Whilst the details of the bill are not yet complete, the idea is to allow competent institutions—the police and intelligence agencies, but also possibly other Whitehall departments and local Government, to have real-time access to internet communications meta-data. That is, knowledge of the existence rather than the content of our emails, Facebook messages, tweets, etc. This is presumably based on the proposition that knowing how pieces of communication collectively form networks can pay dividends for security, whilst also being less intrusive than prying into their contents.
It is also called, by anyone who doesn’t like it, the “Snooper’s Charter.” Privacy and civil liberty groups like Big Brother Watch and Liberty, and politicians like David Davis, have condemned the bill as illiberal, intrusive and indiscriminate. The largest upswell of opposition has so far focussed on the fact that, if such surveillance is to be real-time, it cannot be subject to a prior warrant by either magistrate or minister. However, under the current law that governs this kind of intercept, the Regulation of Investigatory Powers Act 2000 (or RIPA), this kind of communications meta-data can already be collected for a wide number of reasons (say, the collection of tax), by a wide number of bodies (say, the Environment Agency) on the internal authorisation of a senior member of that agency. How this will change under the new bill is not clear, but it seems unlikely that the bill steps over a dark Orwellian threshold, as suggested by its critics.
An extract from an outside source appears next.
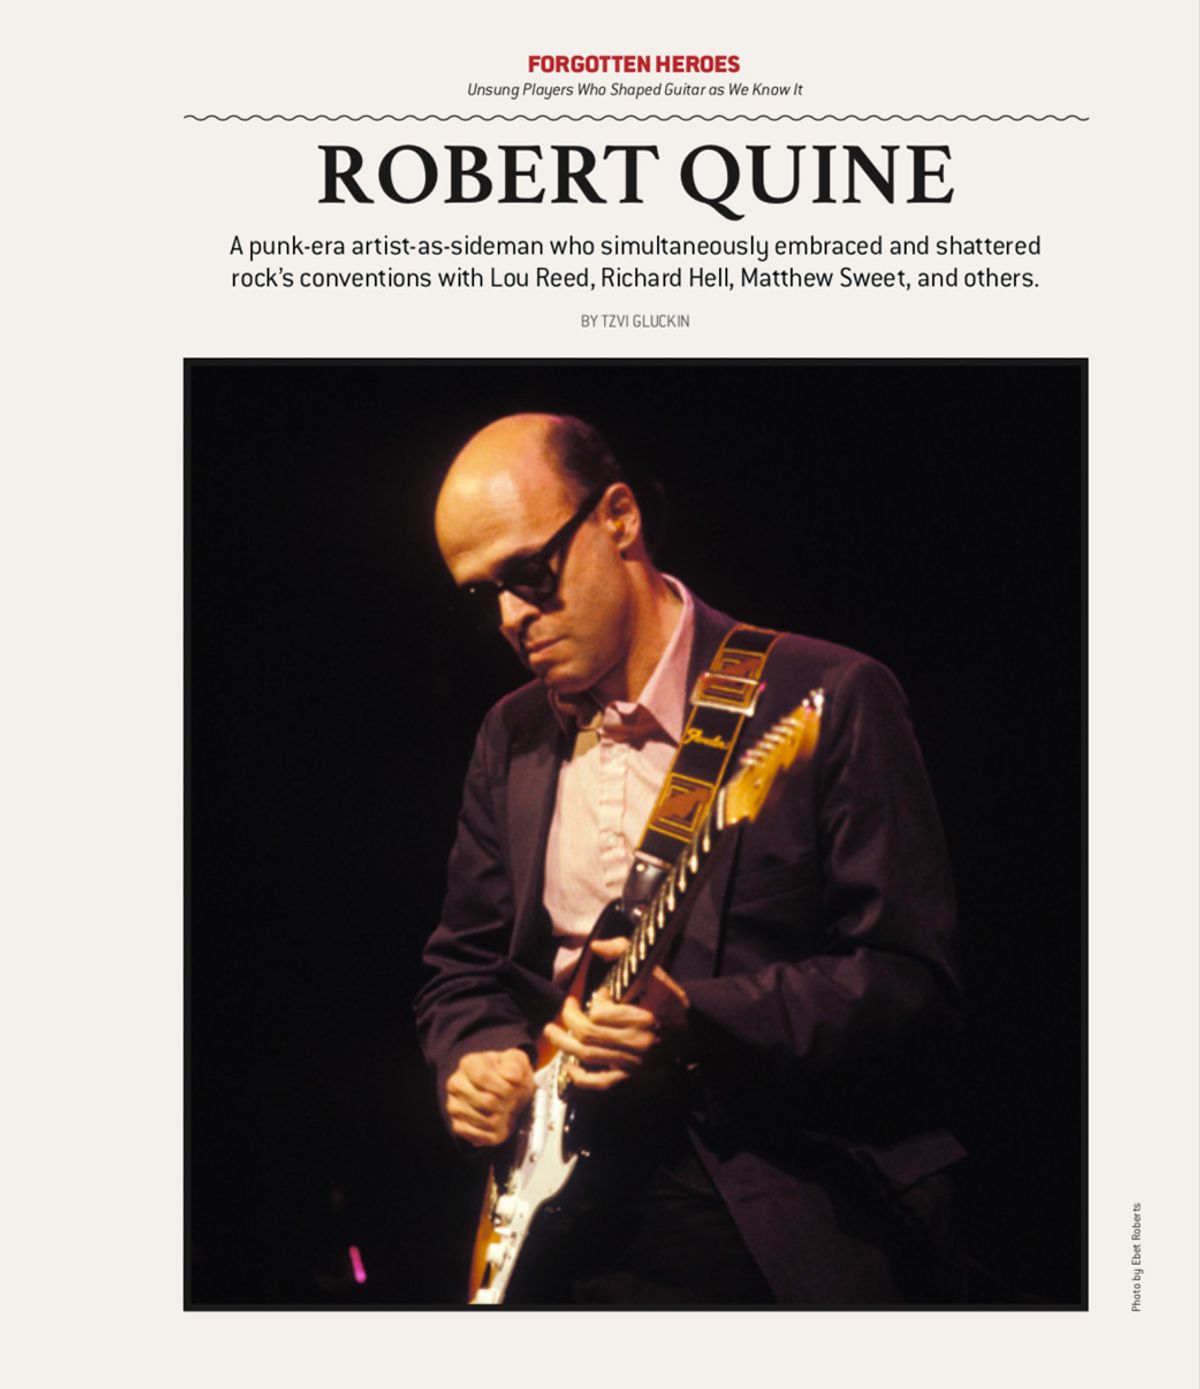 Forgotten Heroes: Robert Quine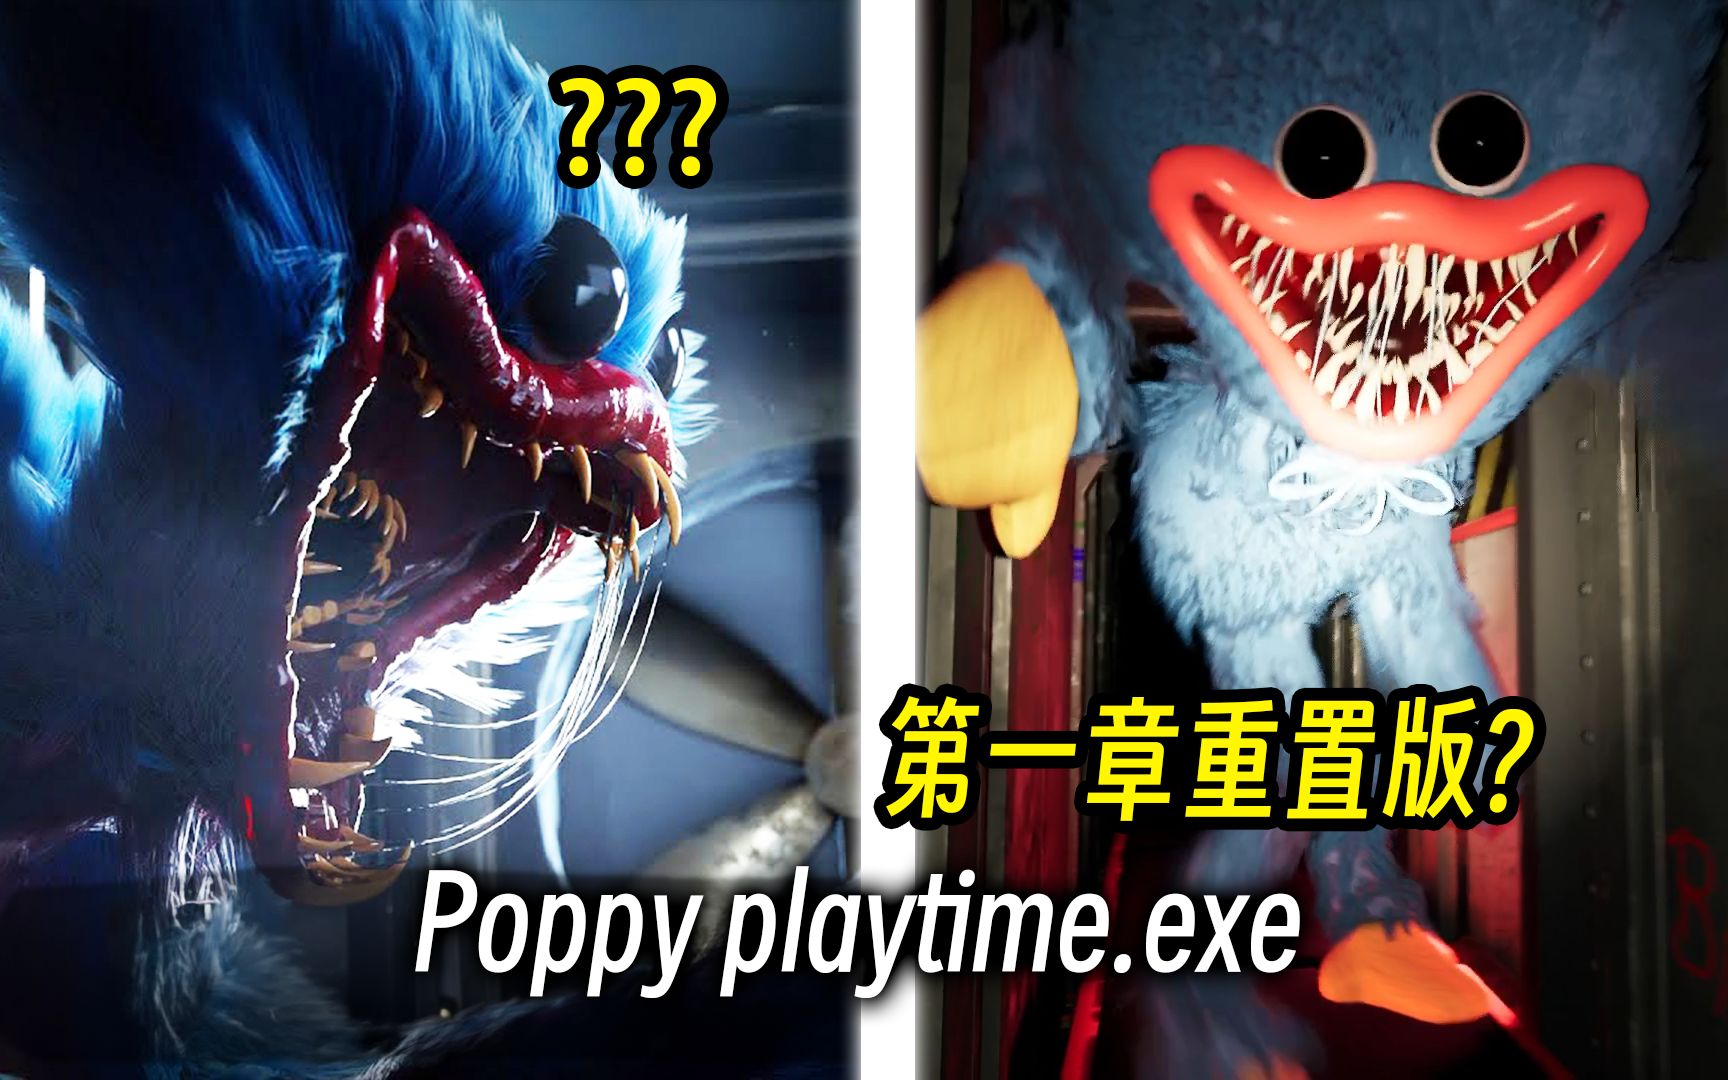 第一章重制版Poppy playtime?!! 超多细节秘密的巨大更新!!

Getting bogged down in a debate about the difference between the existence and content of a message misses the point somewhat. Nearly everyone accepts that the government will sometimes need to access information intrusively. What they expect is that this is done in an accountable, proportionate and necessary way. And this is the clincher: RIPA, the body of law that is supposed to guarantee this, is 12 years old, and was drafted well before social media began to fundamentally change how we communicate with each other. From private Facebook messages to semi-public wall posts to public tweets, many different forms of social media interaction simply don’t “fit” into the structure of current law.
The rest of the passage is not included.